Can you tell how it's done specifically? Are you zfs send'ing to another directory and encrypt it entirely on the fly while transferring to Glacier?

Does it do incremental backup transfer to Glacier or does it have to transfer the entire encrypted blob every time?

No intermediate directory/file at all, all done on the fly.

    sudo zfs send -i <LAST_BACKUPED_SNAPNAME> <CUR_SNAPNAME> | gpg -e -r <YOURKEY> --compress-algo none -v | pv | aws s3 cp --storage-class DEEP_ARCHIVE - s3://<PATH_TO_DEST>.zfs.gpg

The very first time you do it, you will need to do a full backup (ie. without the `-i <...>` option). Afterwards, subsequent backups can be done with the -i, so only the incremental difference will be backed up.

I have a path/naming scheme for the .zfs.gpg files on s3 which include the snapshot from/to names. This allows to determine what the latest backed up snapshot name is (so the next one can be incremental against that). And also use when backing up, since the order or restore matters.

But how do you verify or test your backups in this scenario?
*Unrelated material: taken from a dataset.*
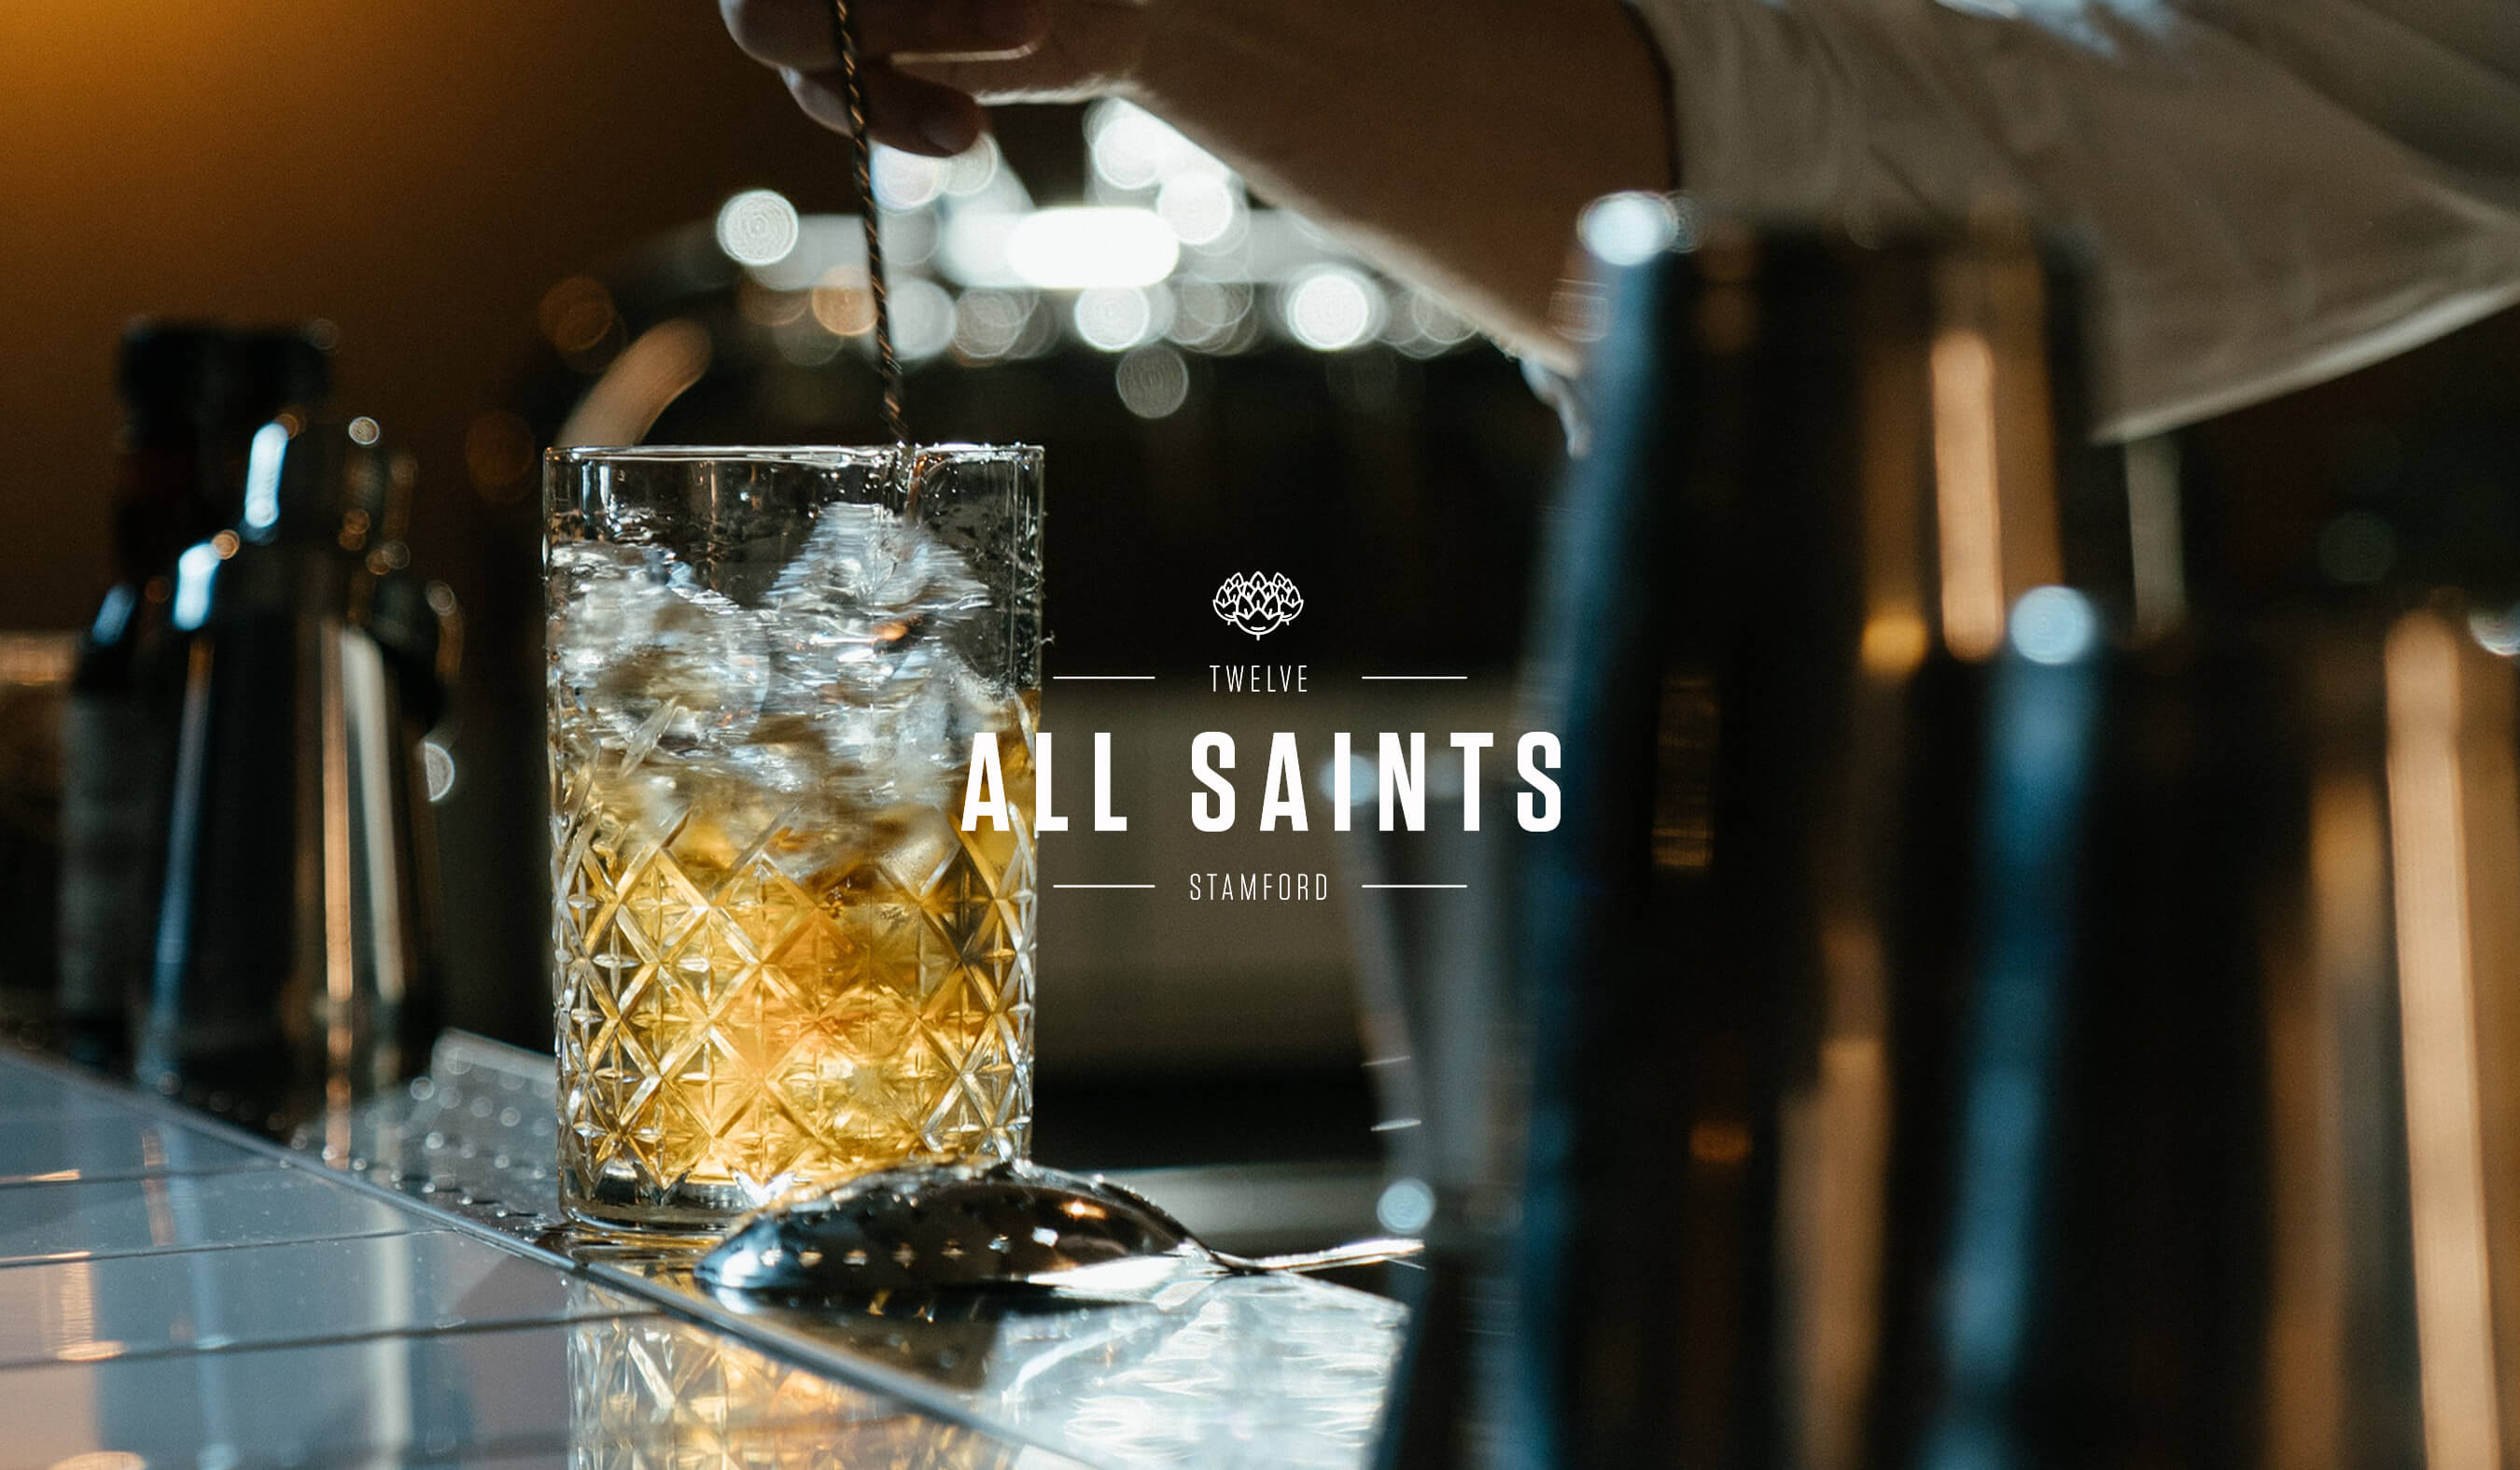 Twelve All saints sub brand logo

Pretty much the exact reverse of backing it up https://news.ycombinator.com/item?id=29541729

    aws s3 cp s3://... - | gpg -d ... | zfs recv ...

When restoring the order of restores matters, you first need to restore the full snapshot, and then the subsequent incremental ones in order.

I meant, how to test them without incurring a large cost.

Ah gotcha, I haven't done full restore of my main dataset.

I've only verified with a smaller test dataset to validate the workflow on s3 deep archive (retrieval is $0.02/GB). I've done full backup/restore with the zfs send/gpg/recv workflow successfully (to a non aws s3 destination), and used s3 for quite a long time for work and personal without issue, so personally I have high confidence in the entire workflow.